Crabapple jelly is the easiest way to use crabapples. They're naturally acidic and high in pectin, making them ideal for this two ingredient crabapple jelly recipe.
4cupscrabapple juiceFrom 3 lbs crabapples and 3 cups water
4cupsugarsee note
Instructions
Crabapple Juice for Jelly
Wash and stem crabapples. Slice larger ones, but don't peel, core or seed.
Place 3 lbs crabapples and 3 cups water into a large stockpot and bring them to a boil over medium-high heat. Reduce the heat to low and simmer for 20-25 minutes until the fruit have completely fallen apart.
Strain through a jelly bag for 1-2 hours. Gently squeeze the bag to get the last bits of juice. You should have 4 cups of juice, but if not, use what you have in a 1:1 ratio in the jelly recipe.
Making Crabapple Jelly
Measure the crabapple juice. For every cup of juice, add 1 cup of sugar. Place the juice and sugar into a deep jelly pot and bring to a boil over high heat. Skim off the foam and watch carefully for overflows.

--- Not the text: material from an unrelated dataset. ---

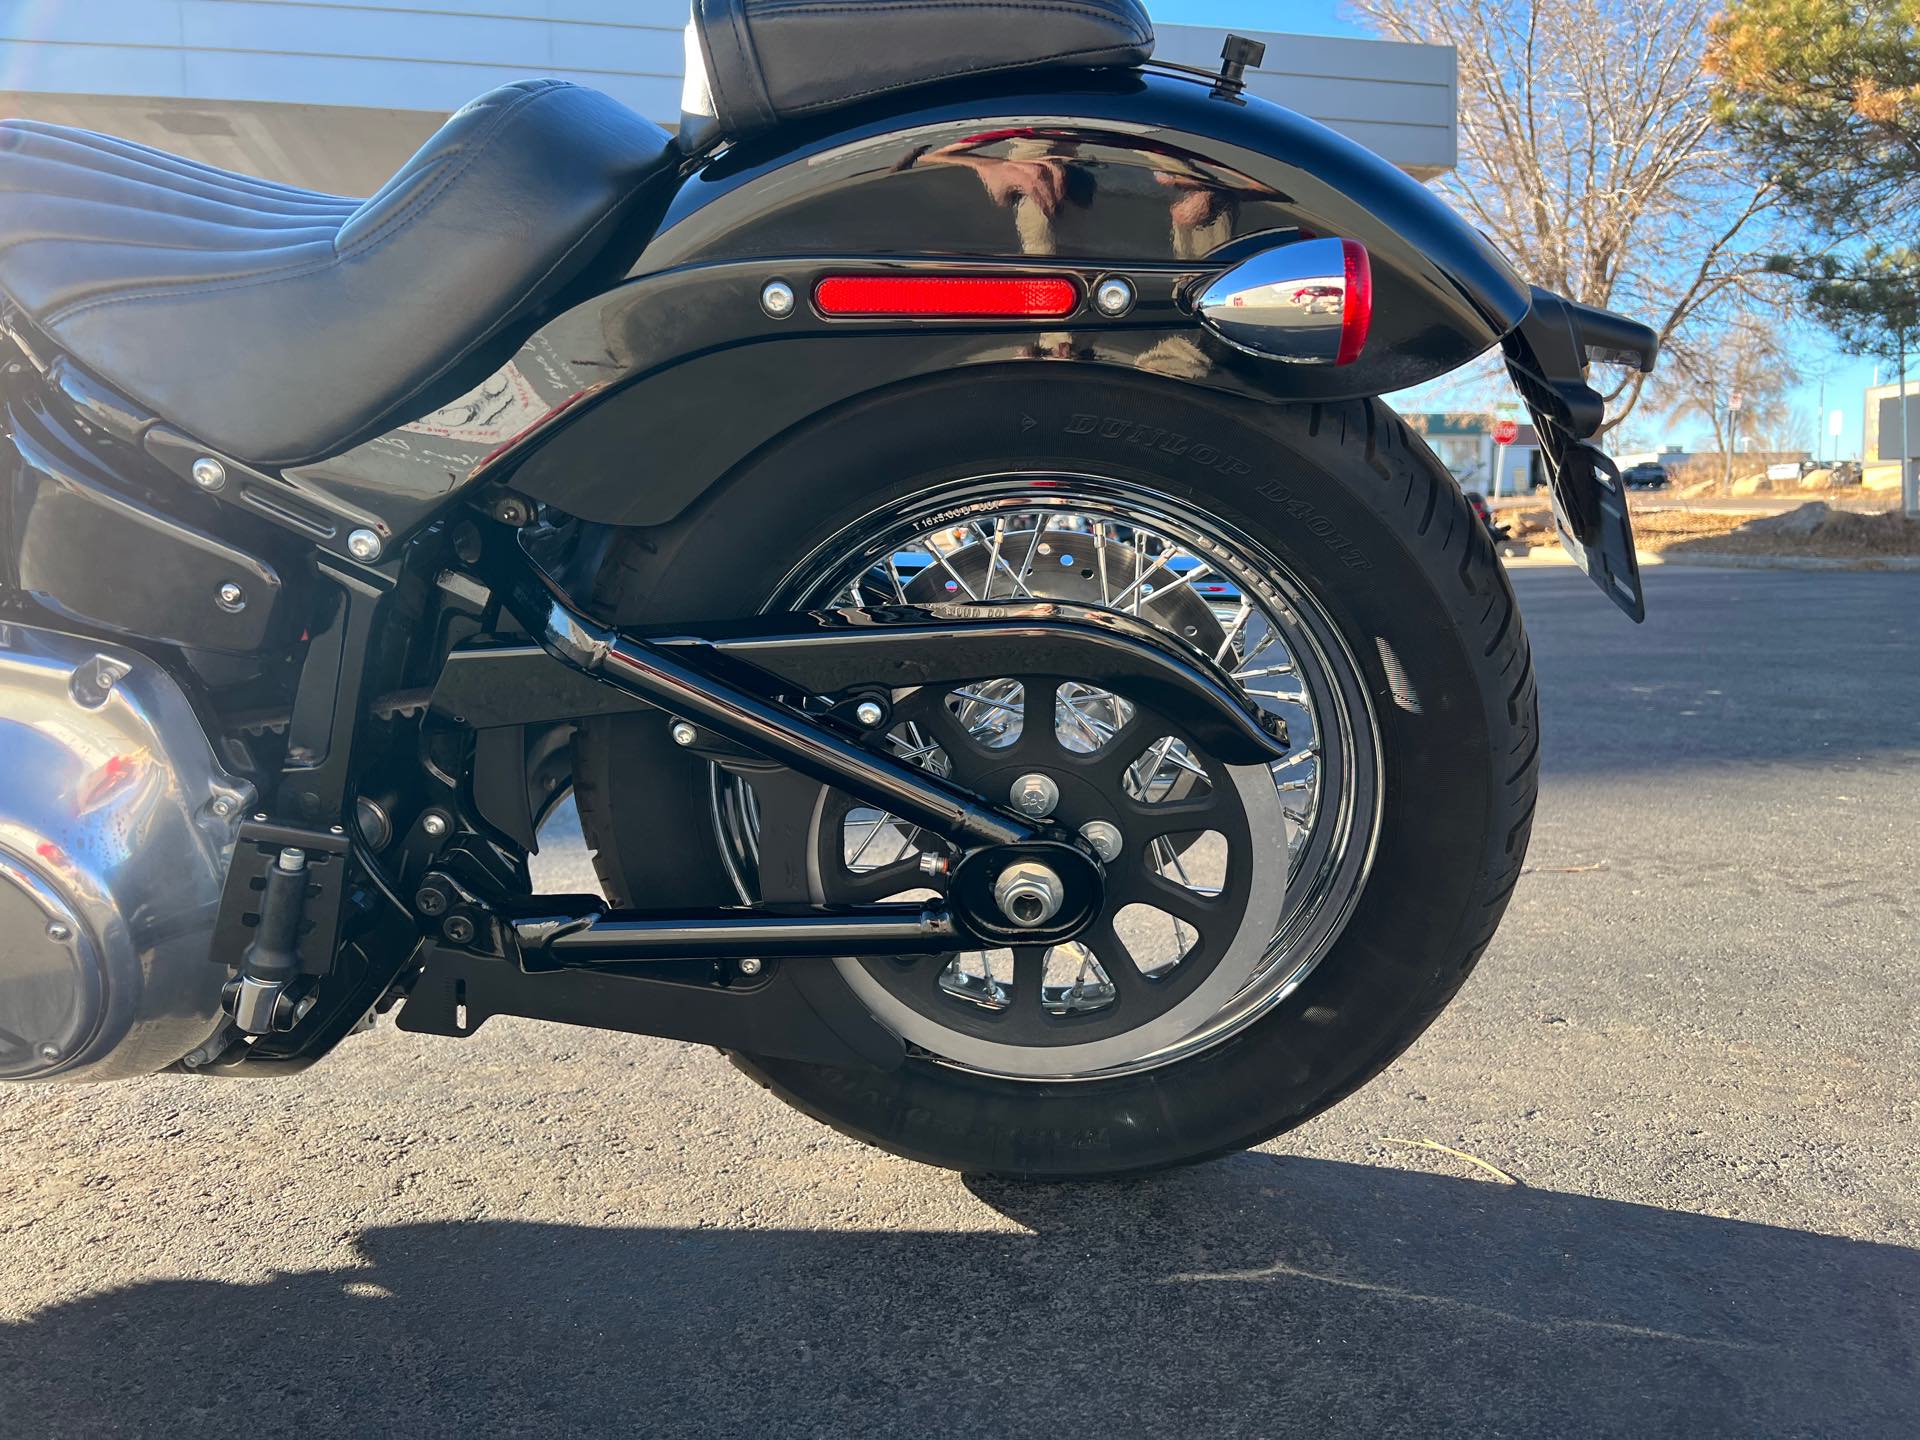 2021 Harley-Davidson FXST at Aces Motorcycles - Fort Collins

Cook until the jelly reaches gel stage. Test for gel stage on a plate that's been placed in the freezer or using an instant-read thermometer. Gel stage is 220 degrees at sea level, and drops by 1 degree for every 500 feet above sea level (ie. at 1000 feet it's 218 degrees F).
Crabapple jelly reaches gel stage VERY QUICKLY. Mine gelled almost as soon as it boiled, and only cooked for 1-2 minutes after boiling. Pectin levels vary in fruit, so it may take as long as 15 minutes to reach gel stage, but still it should be quick compared to other types of fruit jelly.
Once it reaches gel stage, ladel into prepared jars leaving 1/4 inch headspace. Canning is optional, and this jelly can instead be stored in the refrigerator for 3-4 weeks or freezer for up to 6 months.
Canning Crabapple Jelly
To can crabapple jelly, fill the jars leaving 1/4 inch headspace and seal with 2 part canning lids. Process the jars in a water bath canner for 10 minutes (under 6000 feet elevation) or for 15 minutes above 6,000 feet.
Remove the jars to cool on a towel on the counter. After 24 hours, check seals. Store any unsealed jars in the refrigerator for immediate use.
Properly canned and sealed jars will store on at room temperature on the pantry shelf for 12-18 months without losing quality.
Notes
Low Sugar Crabapple Jelly - It's possible to reduce the sugar in this recipe and still get a proper set. A full sugar recipe uses a 1:1 ratio of sugar to juice. You can use as little as a 1:2 ratio, with 1 cup sugar to 2 cups juice, and still get the jelly to set. Below that amount of sugar, you'll need to use low-sugar pectin to help the set. Instructions for that are given in detail in the article.